An important city in the Valley of Mexico, perhaps the first and most powerful of that time. Founded in around 2100 BC, near the Zacatépetl mountain range and Chalco lake. In its earliest phase it was a group of agricultural and fishing villages. By 800 BC, however, it seems to have transformed into a complex city and a hub for trade, as it lay at the intersection of routes leading to the valleys of Toluca and Morelos. It was undoubtedly a religious center, with the old god of fire, Huehueteotl, occupying an important place in the pantheon. This sacred aspect of the site is evident from the name later given to it by the Mexica: "the place of song and dance."
Everything pointed to a promising future, as there was no shortage of supplies or natural resources. The settlement also produced a variety of finely crafted ceramics; discoveries have been made of splendid artefacts from three periods (between 600 and 200 BC), particularly the tripods with lids shaped like a bird’s head. Cuicuilco possibly competed commercially with the nascent Teotihuacan, until Xitle, a volcano in the Ajusco range, became active in around the year 250 AD. We know that the volcano began by sending up gas and ash into the atmosphere, before a devastating eruption took place. A thick layer of lava expanded widely, covering both the city and the surrounding landscape—the present-day Pedregal de San Ángel district. The eruption was so violent that it affected an area of nearly 1,000 acres, and in places the lava layer was up to 33 feet thick. The survivors scattered; many appear to have sought refuge in Teotihuacan.
The remains of Cuicuilco include the Great Pyramid with its elliptical base, constructed between 800 and 600 BC (Zone A); the Circular Mound of Peña Pobre (Zone B); the Pyramid of Tenantongo in the Bosque de Tlalpan park (Zone B), and the circular-based construction now found in the Olympic Village (Zone C). Mexico City’s subsequent expansion—particularly in the twentieth century—has led to modern constructions being built over much of the land where, deep underground, there may remain vestiges of the pre-Hispanic city. This has made it very difficult for any further explorations and discoveries to be made. However, archeological work in the lava-free areas (Zone A) has revealed some weapons (the “atlatl” or dart gun), obsidian objects, and stone beads; some burial sites have also been found, containing the remains of human bodies curled up and with cranial deformations.
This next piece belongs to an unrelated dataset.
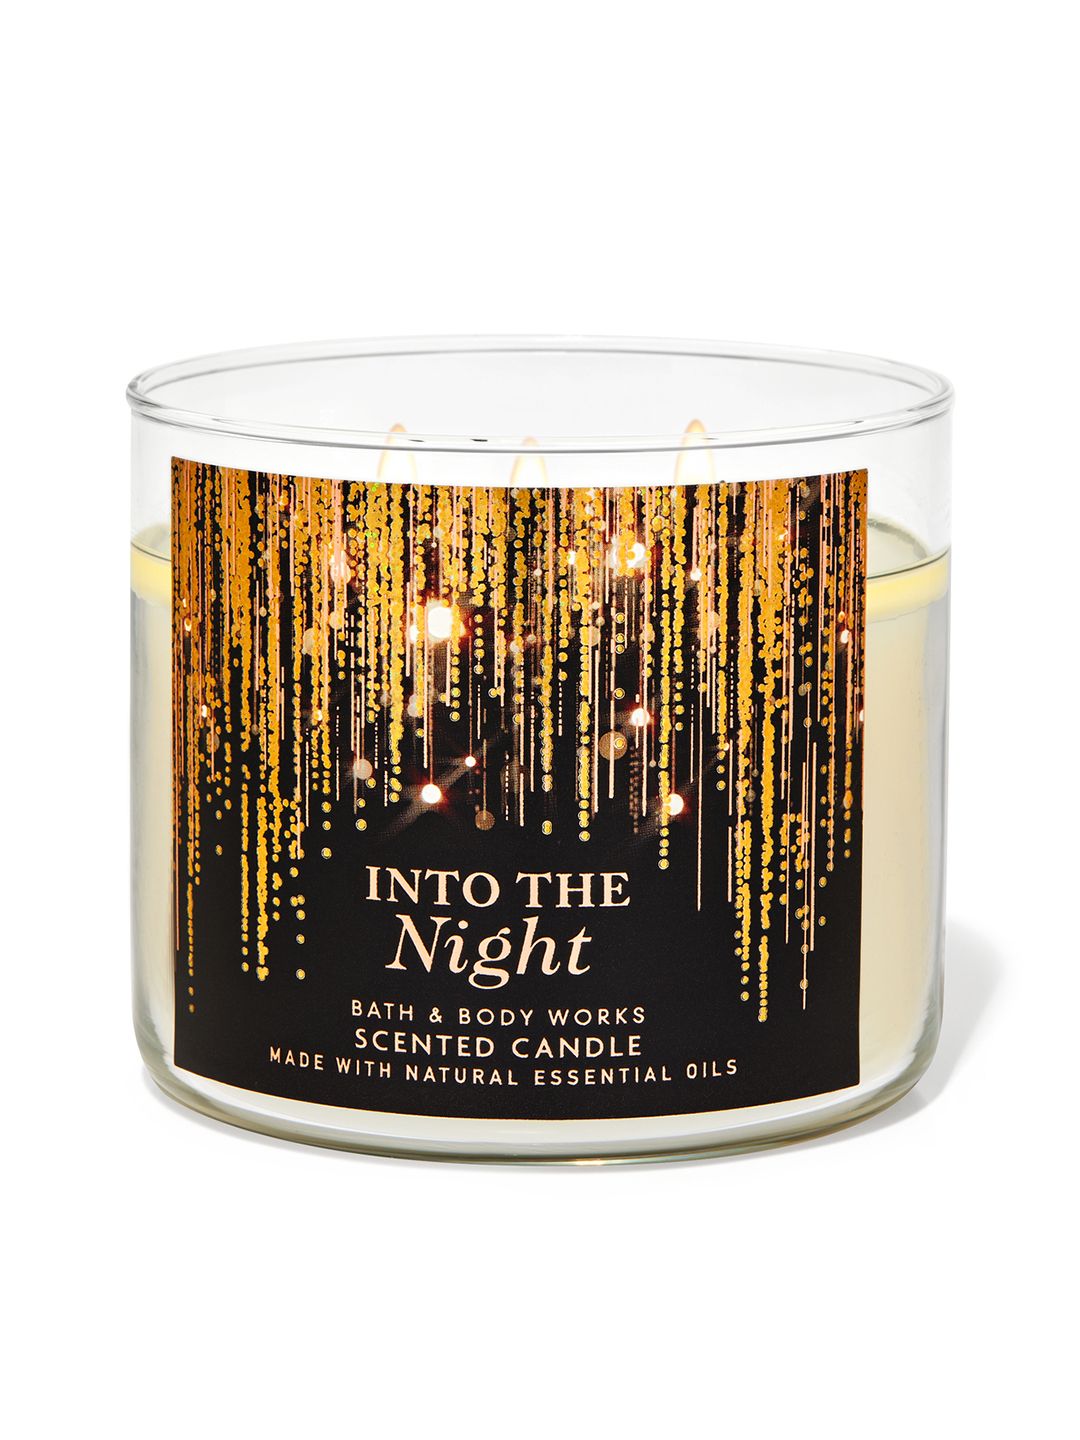 Bath & Body Works Into the Night 3-Wick Scented Candle - 411g Price in India

Manuel Gamio led the first explorations of Cuicuilco’s Great Pyramid in 1915 and 1920, enabling the site to be located with some precision. He continued excavations between 1922 and 1925, assisted by Byron Cummings and with the support of the University of Arizona and the National Geographic Society, always focusing on the main pyramid. In the 1930s, Eduardo Noriega excavated the surrounding area and found vaulted chambers, burials, ceramics, and altars. It was not until 1966 that Roberto Gallegos, in a project coordinated by the INAH, resumed work in Zone B of what is now the Olympic Village; this led to the discovery of 183 burial sites and a house belonging to the original city. In 1978 the area was completely restored, and it was later expanded in 1980; between 1984 and 1987 Manuel Gándara’s team discovered a circular-based construction in the Loreto and Peña Pobre park. In 1996, Mario Pérez Campa found a 12.8-foot-high column to the south of the Great Pyramid, complete with inscriptions that might be the earliest astronomical records of ancient Mexico yet to have been discovered.
A site museum, containing objects found during the excavations, is also open to visitors.
- Standing 65.5 feet tall and with a diameter of 110 yards, the Tenantongo Pyramid—in the higher part of the Bosque de Tlalpan park—appears to be Cuicuilco’s second-largest structure.
- The civil and religious constructions were not only places for local residents to congregate, but would also have been used by inhabitants from surrounding villages and towns, both for religious ceremonies and festivities as well as for economic and administrative purposes.
- Musicians, dancers, and acrobats participated in the religious ceremonies and festivities.
- Sticks with a sharpened point and wooden hoes were used for agricultural work; the “atlatl” or dart gun was a weapon used for hunting; and fish were caught using spherical or conical baskets. Needles made of deer antlers were the utensils employed for weaving and stitching leather and cotton.